The fixed constellations seemed immutable, but in the clear atmosphere of Mesopotamia, where the observation was assisted by wide expanses of flat landscape, the movement of those celestial bodies that seemed to traverse regular trajectories was noticed, the planets we call Mercury, Venus, Mars, The Sumerians and Babylonians knew Jupiter and Saturn.

The zodiac belt in which the parts of the planets are mainly found may have been known for millennia, although most modern studies attribute its recognition to Greek science of the 6th and 5th centuries BC. C. The Sumerians identified Venus as the Lady of Heaven, while the Babylonians considered her a goddess of war and carnage in her appearance as the Morning Star, but of love, procreation, fertility, sweetness and luxury when it shone like the evening star.

Reports of terrestrial phenomena resulting from the movements of the heavenly gods were recorded in writings dating back to the beginning of the fourth millennium BC. Records of predictions soon followed, first of events like wars and floods, then horoscopes of the birth of individual kings.

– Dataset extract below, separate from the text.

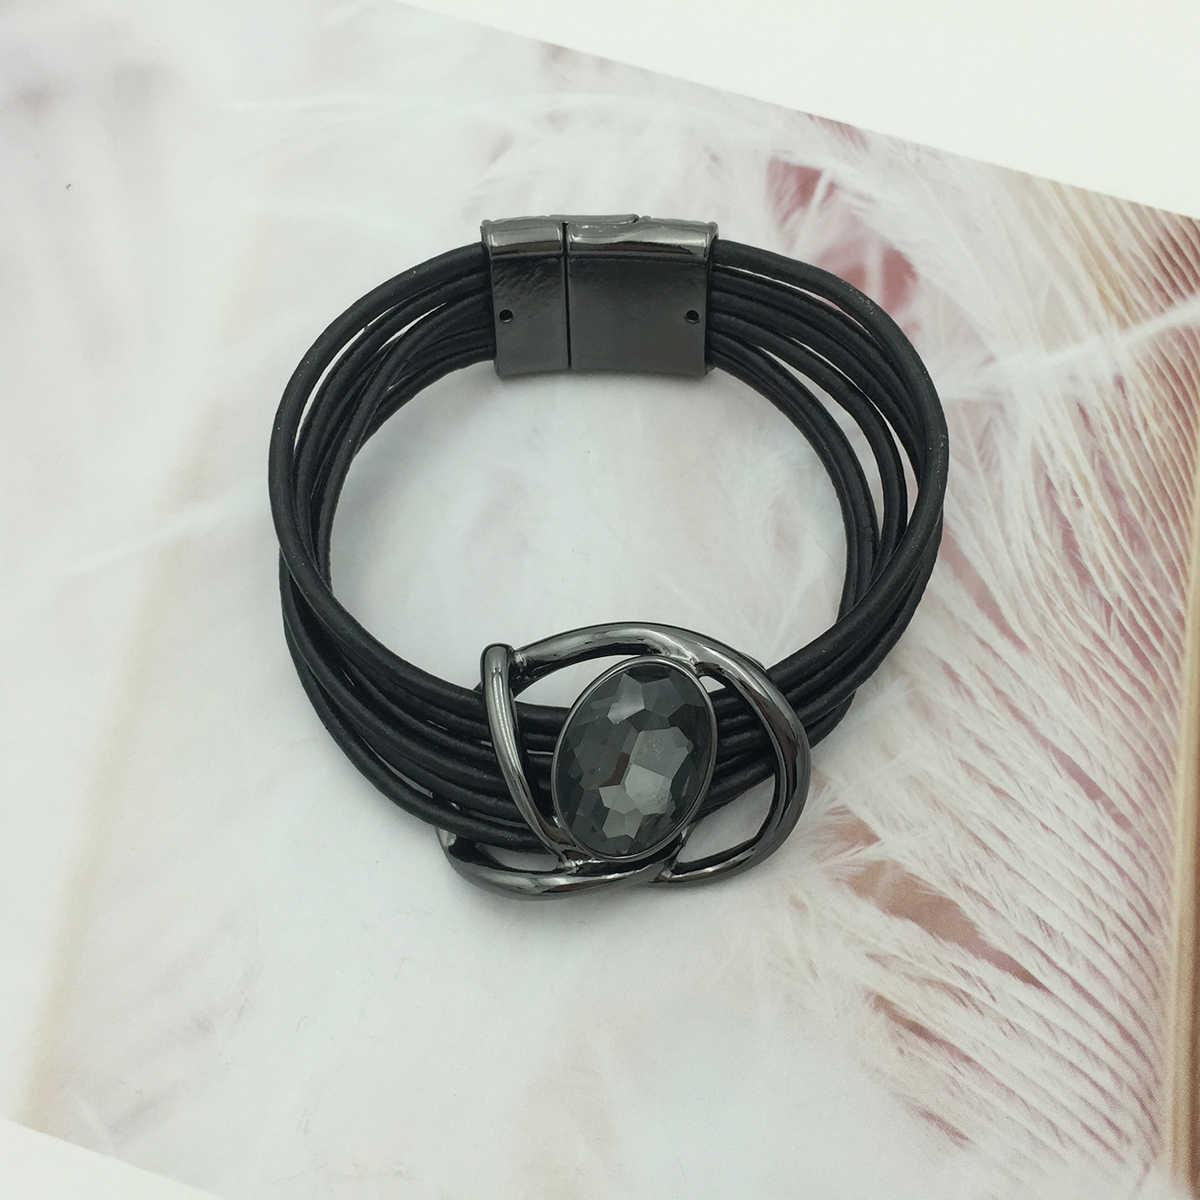 Duży kryształ szlachetny luksusowa bransoletka dla kobiet proste wygodne magnetyczne Tube Bar zapięcie bransoletka 2018 nowych moda biżuteria

Astrology entered India around the 6th century BC. C. and shortly after in China and Indochina. To the west he traveled to Egypt and Greece. The primitive peoples of Western Europe, independently of Sumer and Babylon, had learned as early as 2000 BC. C. to mark the solstices and other astronomical events by means of megalithic systems. In Mexico, around 300 AD, the Mayans developed an even more precise knowledge of astronomy than the Babylonians, evolving a 365-day calendar and a 13-sign zodiac.

The Chinese were probably the first people to develop astronomy apart from astrology, which they used to forecast events. They divided the sky into five “palaces”, a central region around the pole and four equatorial divisions corresponding to the four seasons.

Meanwhile, the complicated and seemingly scientific system that was to be the ancestor of European astrology was being developed by the Greeks combined with Babylonian and Egyptian elements. Philosophy, medicine and religion, all supported by.

In Rome, the official order probes Astrology when it got there during the 2nd century BC. C., but the town welcomed those who would say their luck for the stars. The Roman emperors did not like astrology, considering it as a possible weapon to be used by the usurpers of their thrones.

Since the stars influence human appetites, which few men can resist, their predictions are mostly correct; but those morally strong enough to resist may deny its predictions.

Astrology / astronomy (as the two were not really separated until the 17th century), reached its zenith during the Renaissance, when new knowledge permeated the masses. Famous scholars wrote astrological treatises, that no man could resist the influence of the stars and planets.